4. While there are people worse off than myself, all I have to go on are my own experiences. So if I feel pretty bad, then it is bad. It's the kind of bad only I know, and that's OK.
5. You are not a miserable person if you allow yourself to feel whatever emotions you are feeling. You are only miserable if you carry on for days. If you allow yourself to feel, the sooner you can swing back to reality.

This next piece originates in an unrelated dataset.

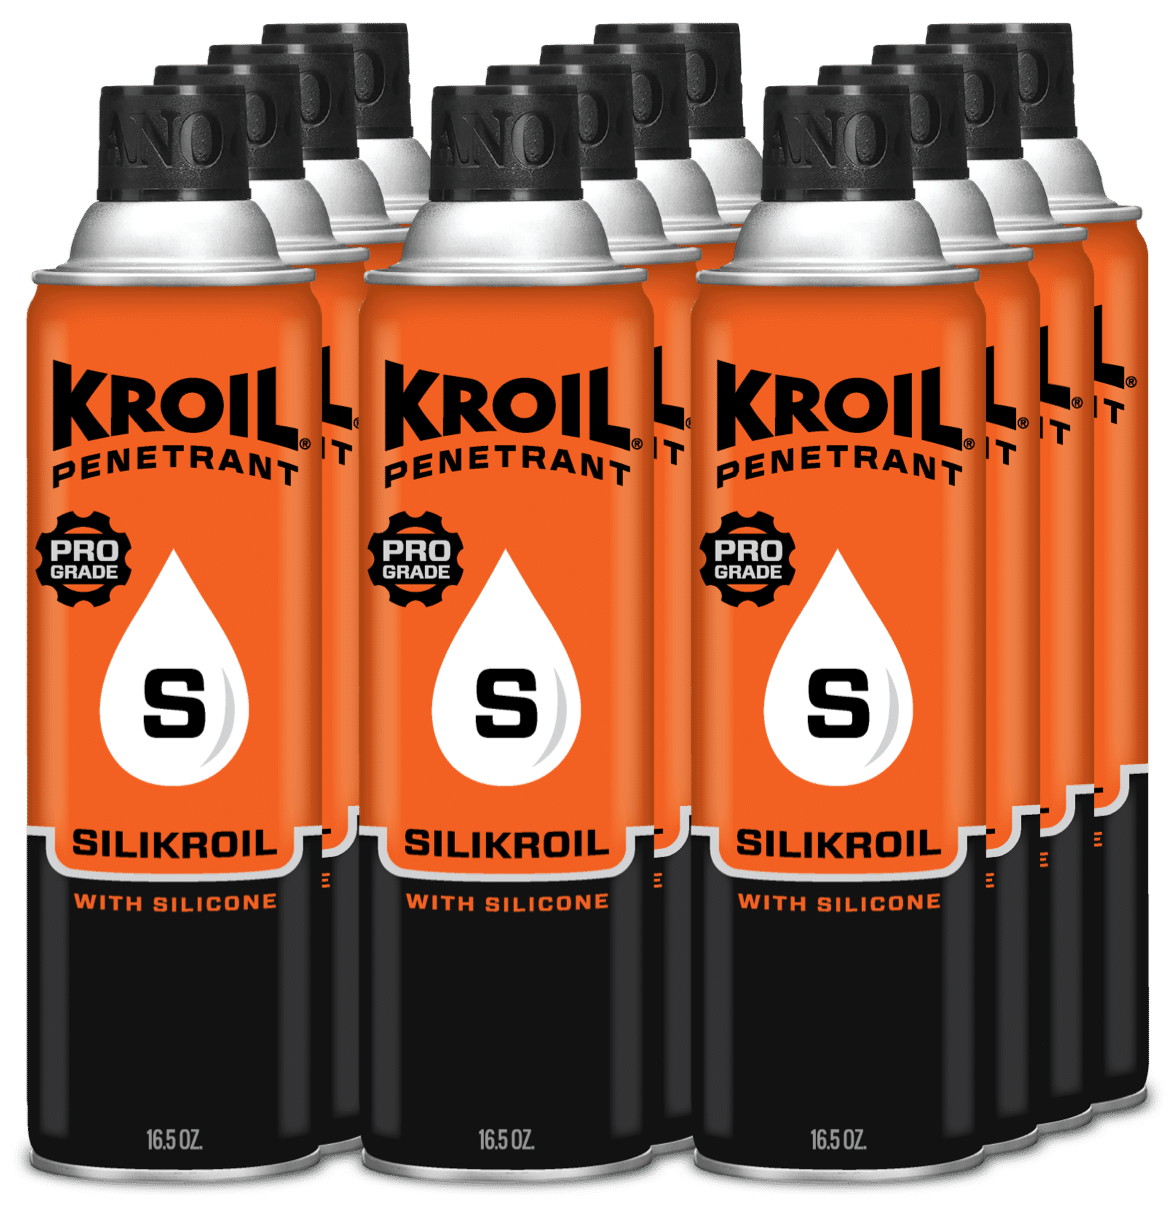 Silikroil, Kroil Penetrant With Silicone Aerosol - 16.5 Oz Can (Case of 12)

Thursday, September 30, 2010

Marginal Cost V.S. Marginal Benefit

We are learning in economics class the difference between marginal cost and benefit. Marginal cost is the price you pay (be it a dollar amount, or emotional price) to obtain a certain "good". The benefit is the satisfaction this item gives you. In order to figure this out you must weigh your options:
Can you afford this item?
Are you willing to pay the price?
Is sacrificing something for it going to be worth it?
It's an easy enough concept, but I'm not talking just a new pair of pumps here. If you really think about how we have to make these choices in real life...well, fuck, it gets hard.
I moved to Boston thinking that my benefit would 100% outweigh my cost. I'd be working more, in school full time, and miss seeing my closest sister-friends. However, I would be gaining an education, the chance to see my family all the time, the opportunity to meet new people, have more things to do, more options, even the shopping and food is better here.
I did not, however, take into consideration the other price I would pay.
Making a big change in life is wonderful, it is very rare we have a large support system to help us along with these choices. But what happens when you feel like this change has really CHANGED you? How do you learn to readjust to the new world you have created? What if it changes all the things that seemed constant and perfect? Can we then come full circle (as everything does in life) and find ourselves again? Maybe "full circle" only comes into play when things stay the same, and you ride them out; if we "change" the path...can this still happen for us?